In particular, injury to arterial vessels is dangerous as the patient can bleed out very rapidly. These vessels often cannot be differentiated from the surrounding tissue by visual inspection alone, and anatomical variation in the patient population means that vessels are not always located where they are expected to be. Below is an example of accidental vessel injury during a laparoscopic cholecystectomy (gallbladder removal).
In open surgery, these vessels can easily be identified by palpating the tissue, but this is not possible in laparoscopic surgery.

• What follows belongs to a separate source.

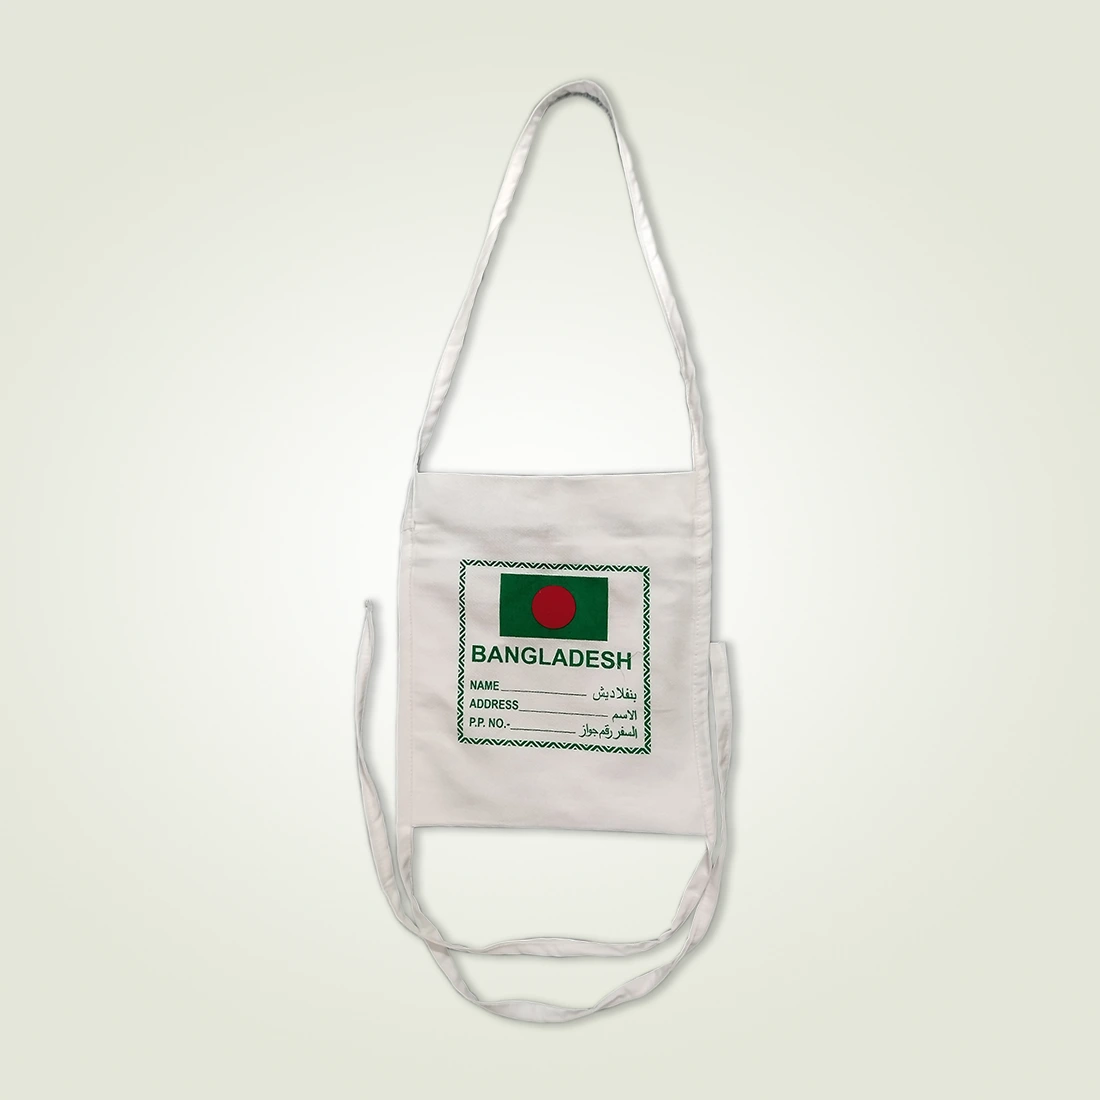 Small Neck Bag for Hajj and Umrah

Conversion to open surgery may be required after vessel injury to prevent the patient from bleeding to death.
Solution
To address the above clinical need, the team built a laparoscopy-compatible tool for blood vessel detection. The sensing component of the device is a pressure sensor based on the low-cost TakkTile sensors developed in the Harvard Biorobotics lab. Though the MEMS sensors used in TakkTiles and the associated equipment for mounting them were not readily available in India, the team had access to an altitude/pressure sensor breakout from SparkFun which uses the Freescale MPL3115A2 sensor, similar to the MPL115A2 used in TakkTiles but more sensitive, with a pressure resolution of 1.5 Pa as opposed to 150 Pa. This increased sensitivity comes with the tradeoff of a lower threshold for sensor saturation and more variable results of rubber casting. After being cast under silicone rubber, the sensor was able to detect the slight pressure fluctuations caused by pulse when placed against a blood vessel.
To enable use of this sensor in laparoscopic surgery, the sensor is integrated into a tool consisting of a long shaft with a steerable end segment, with the sensor mounted at the tip. A dial/capstan mechanism enables this segment to rotate 180 degrees, giving the surgeon a large range of motion which enables access to difficult-to-reach areas. However, the tool is still stiff enough for stable placement of the sensor on test sites. Below is the prototype of the device showing the mechanism, and a second version with a more ergonomic form-factor.
Once the sensor is placed, the real-time pressure signal is processed through an algorithm which determines whether a pulse is present or not. The signal is first filtered through a band-pass filter which allows frequencies around and near the patient’s heart rate, but removes high-frequency sensor noise and low-frequency variation in the baseline caused by movement of the surgeon’s hand. This filtered signal is then analyzed via a fast Fourier transform. In the frequency domain, a regular heartbeat signal results in a single strong peak within the bandpass filter range. Therefore, the algorithm detects when there is only a single peak in this frequency window, with the added criteria that this peak has to have a stable amplitude (be within a certain height window for a minimum amount of time). If these conditions are met, the surgeon will hear an audible beeping or receive other feedback within 3-4 seconds of placing the tool, indicating that there is a blood vessel under the sensor.
Above are examples of data from when the sensor is placed over random tissue (top) or over a blood vessel (bottom), and what the filtered data and the FFT of the filtered data looks like in each case. The black dots indicate when the algorithm detects a heartbeat.